When I told her it was mezcal, she said, “Oh. I didn’t know you could drink that neat.”

But you can drink vodka neat?

My point is, the vast majority of the drinking public has never heard of mezcal, let alone knows how it is made or even what it is made from. And the majority who have heard of it assume it’s that yellow stuff with the worm in it. But agave? They know what agave is — that’s the alternative sweetener that’s healthy for you. So why fight an uphill battle with “mezcal”? Why spend a year’s wages getting your palenque certified, and put yourself in a position where it makes more economic sense to increase your batch size (due to the per-batch charge for certification), only to be identified with Gusano Rojo? Especially when you can identify with this brand “agave” that’s better known and perceived in a much better light?

Let Gusano Rojo and Monte Alban be “mezcal.” Call your traditional and artisanal agave spirits “destilado de agave” in Mexico and “agave spirits” in the English-speaking world. Mexico will never own the word “agave” — they can’t, the plant is growing all over the world.

Again, I appreciate that I can’t appreciate how it must feel to have such a cherished word plucked from the Mexican vocabulary. But what I do appreciate is that you just exacerbate the harm done when you continue to support the very corporations who stole the word in the first place.

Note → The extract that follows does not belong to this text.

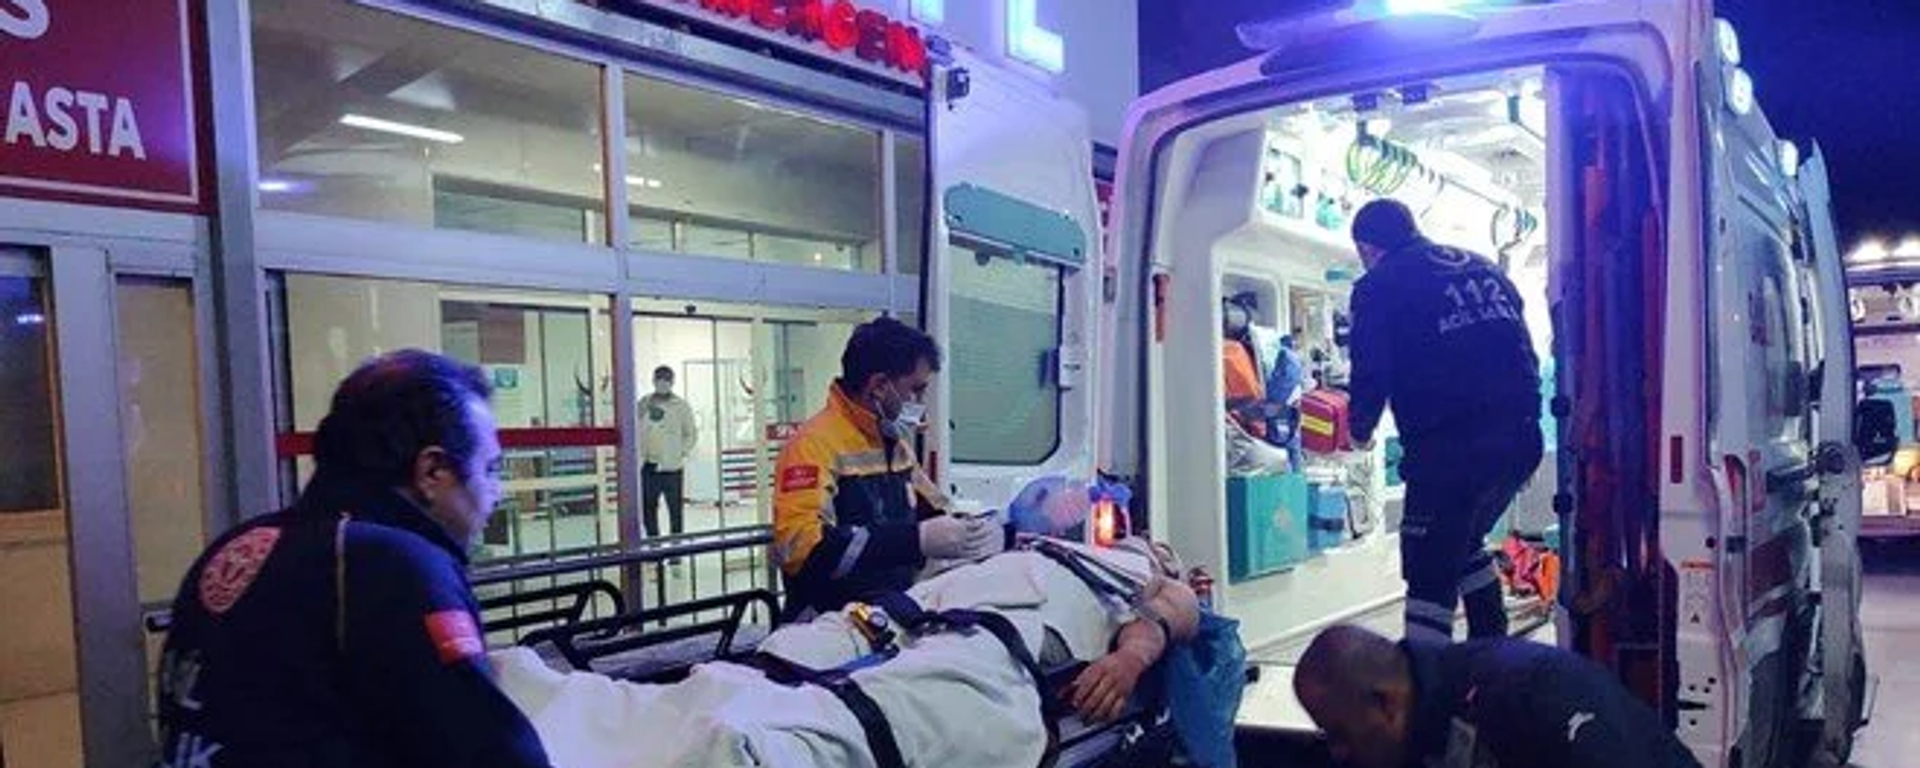 Adana'nın Feke ilçesinde, 3.7'lik depremin ardından madende oluşan göçüğün altında kalan bir kişi yaralandı. - Sputnik Türkiye, 1920, 24.02.2023

Max co-founded Mezcalistas with Susan way back in 2012. Before that he was a journalist at Salon.com and The San Francisco Chronicle.


  • Rimas Sidrys
    February 16, 2017

    Ohhhh, so painful to let it go. The meaning of the word, the history behind it…even the way it sounds and looks – such a shame.

    You make a strong argument though. It’s one of adapting to the reality of the situation. The problem is that as “agave” spirits grow in popularity, the corp giants are only going to continue to gain power and influence over this matter. Perhaps it is time to change the strategy and focus on a battle where there is a greater chance of victory as you are proposing.